China announced a domestic intellectual property crackdown. While appearing to be internal reform, this aligns strategically with geopolitical positioning amid global criticism of Chinese cyber espionage. Multinational organizations operating in China must maintain strict data segregation and governance separation. Trust nothing by default. Validate everything by design.
Robot Vacuum IoT Surveillance Nightmare
An engineer reverse-engineering a robot vacuum ecosystem discovered an unauthenticated API exposing control over nearly 7,000 devices across 24 countries — including live camera feeds, microphone audio, and mapping data. IoT devices are no longer novelty gadgets; they are distributed sensors embedded in homes and offices globally. Weak backend controls can turn consumer devices into surveillance networks.
THIS WEEK’S ACTION LIST
Take these prioritized steps back to your teams this week:
1. Enforce MFA with device binding on all financial and high-risk platforms — reset credentials for any accounts involved in the PayPal or CarGurus breaches
2. Conduct retrospective forensic audits on Cisco SD-WAN deployments going back to 2023 exposure window
3. Patch BeyondTrust, SolarWinds Serve-U, VMware Aria, Roundcube, and Grandstream VoIP immediately — do not delay
4. Remove public-facing firewall and management interfaces; restrict to private networks with IP allow lists
5. Implement continuous vendor and third-party access monitoring with time-bound credentials — no persistent vendor access by default
6. Deploy network micro-segmentation in healthcare environments and segment VoIP, IoT, and OT assets from enterprise networks
7. Conduct proactive OT threat hunting for Volt Typhoon-style living-off-the-land persistence techniques
8. Require manual code review for all AI-assisted pull requests and restrict AI-generated outputs from automated execution without human review
9. Implement anomaly detection on AI API query volume to identify model distillation reconnaissance
10. Tightly restrict device code authentication flows in Microsoft Entra environments where operationally unnecessary
11. Conduct external ransomware readiness audits in healthcare, public sector, and tribal government environments
12. Integrate geopolitical threat modeling into ransomware response plans — attribution now carries strategic implications
13. Establish coordinated disclosure guardrails before AI-driven vulnerability findings reach public channels
14. Demand tenant-level logical data segregation from multi-tenant vendors; validate backup integrity independently from vendor assurance
JAMES AZAR’S CISO’S TAKE
This week’s episodes reinforced a single, unavoidable conclusion: convergence is the defining threat of our era. AI extraction, AI-assisted terror plots, cyber-enabled missile strikes, ransomware aligned with geopolitical interests, nation-state pre-positioning in critical infrastructure, and automated mass exploitation, these are no longer isolated incidents. They are connected threads in a coordinated strategic tapestry.
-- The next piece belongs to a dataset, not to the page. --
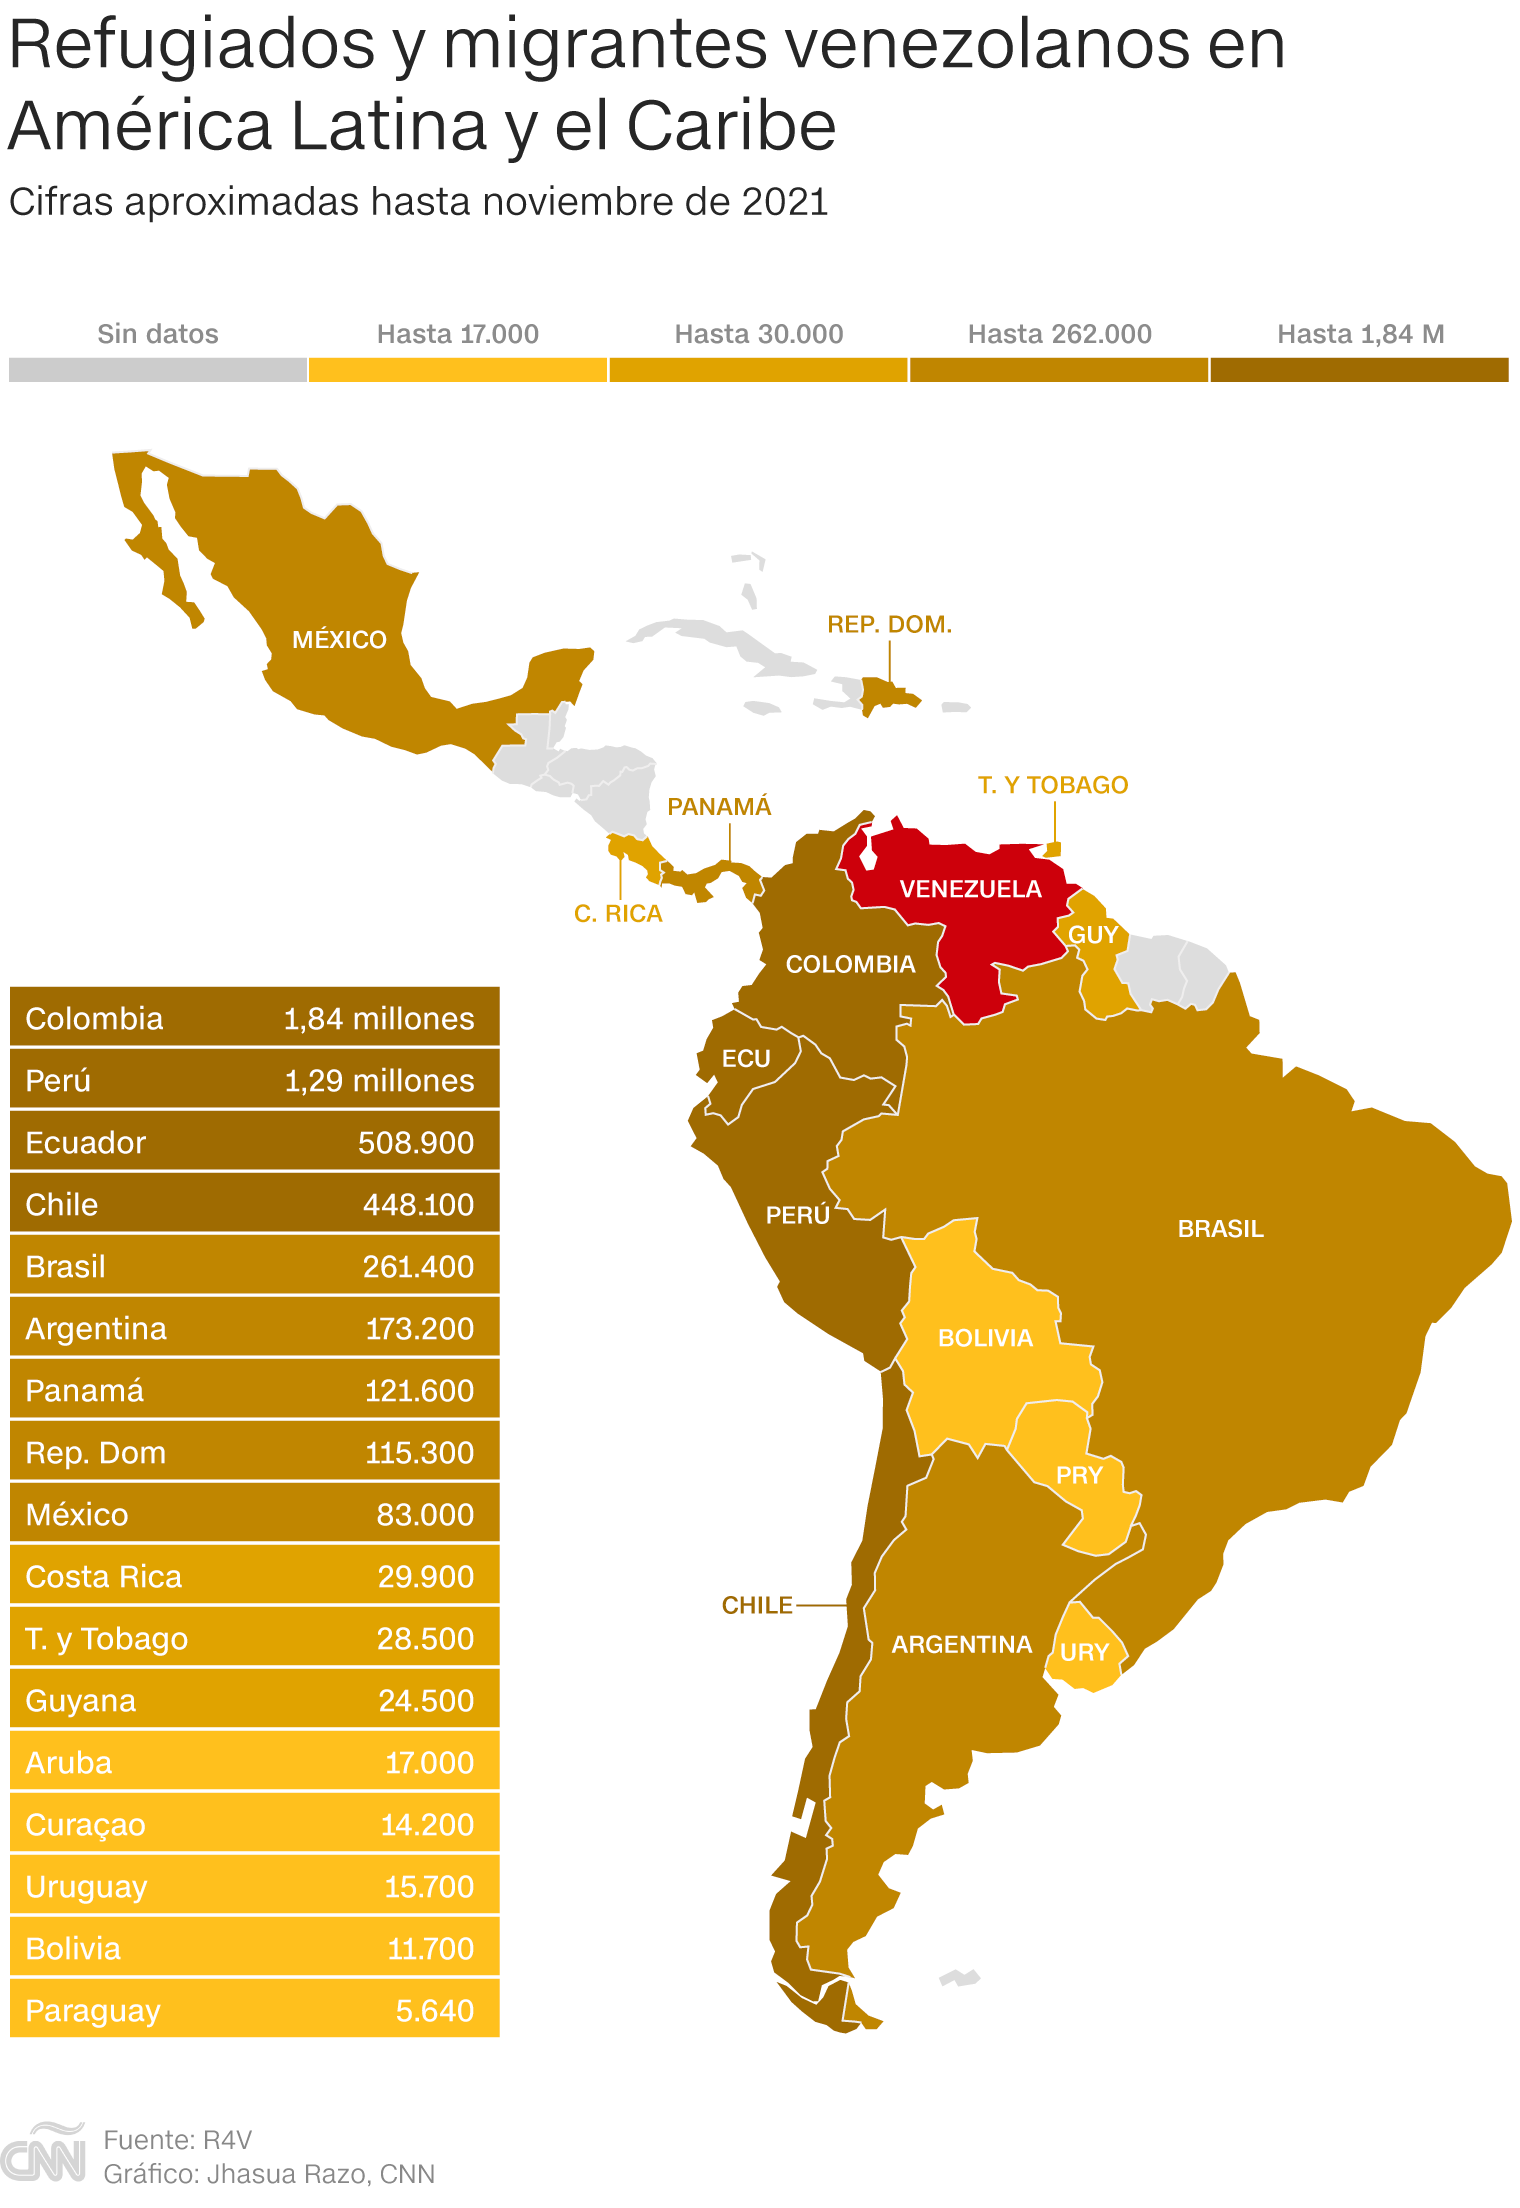 How many Venezuelan migrants are there in Latin America? Look at the

The offensive cycle is accelerating faster than most organizations are prepared to handle, and the old model of separating cybercrime, espionage, and geopolitics has collapsed. It is all interconnected now, and every CISO who hasn’t updated their threat model to reflect that reality is operating with an obsolete map.
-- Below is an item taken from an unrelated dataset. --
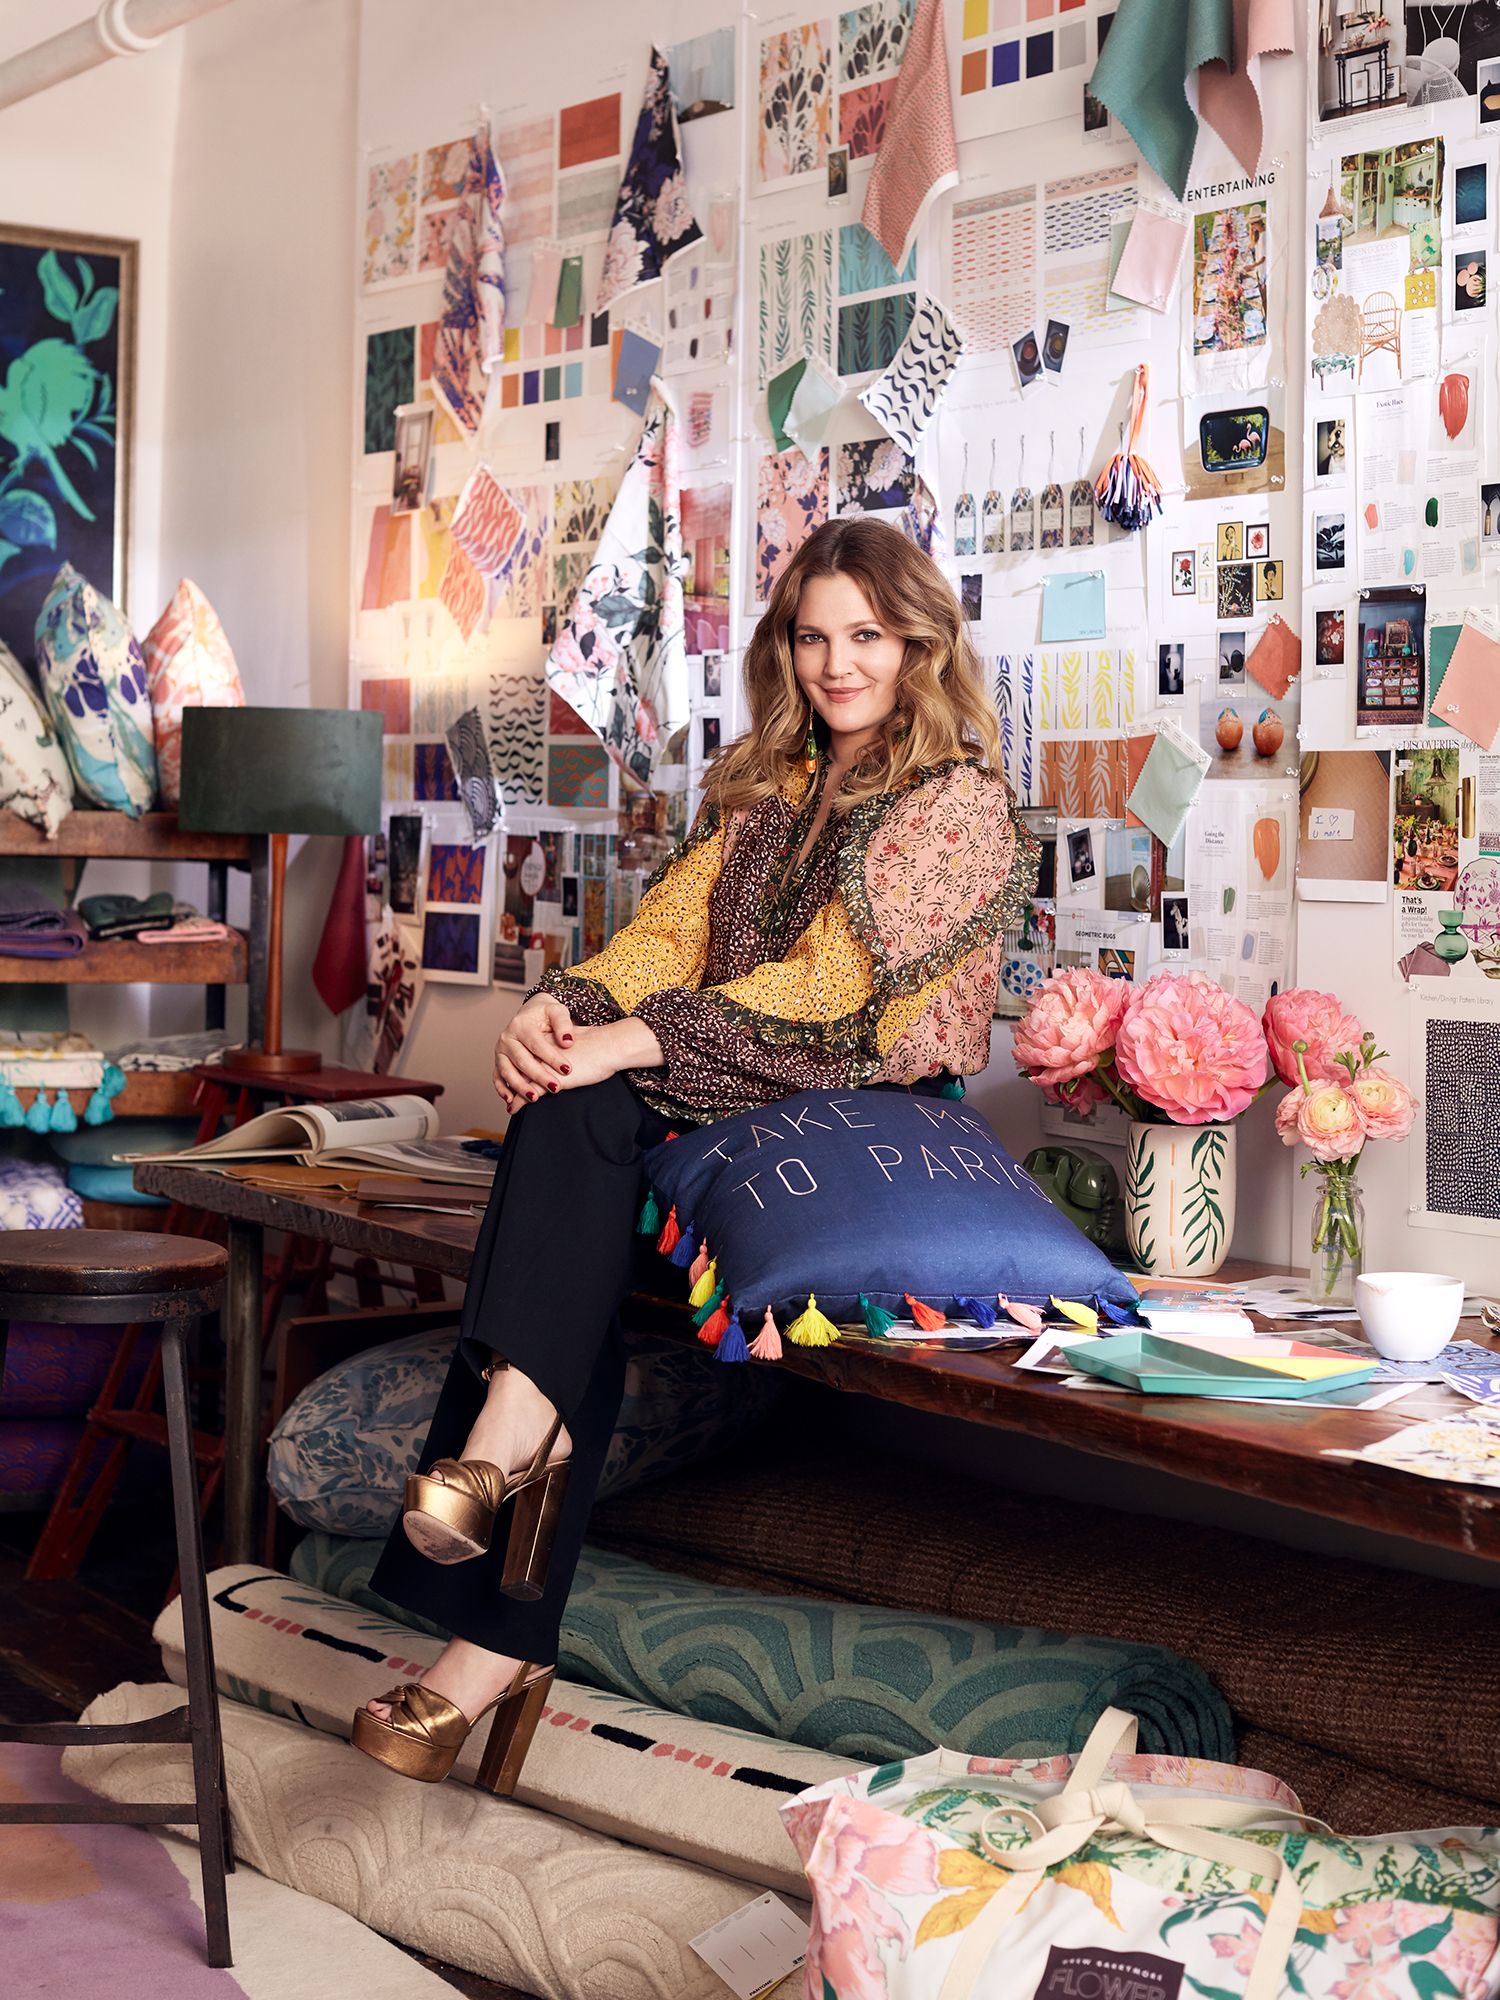 Walmart Adds New Color To Drew Barrymore's Beautiful Collection

From my perspective, the response isn’t panic it’s precision. This week’s stories demand that we obsess over crown jewels, segment aggressively, assume persistence until proven otherwise, treat AI workflows as attack surfaces requiring governance, and elevate geopolitical threat modeling into board-level discussions. The perimeter isn’t gone it’s multiplied. Every management interface, every AI prompt workflow, every SD-WAN edge device, every cloud backup is perimeter now. Our role as CISOs has expanded beyond security operations; we are now custodians of economic stability, institutional trust, and national infrastructure. Patch faster. Segment deeper. Validate continuously. The adversary isn’t waiting and neither should we.
Stay Caffeinated. Stay Vigilant. Stay Cyber Safe.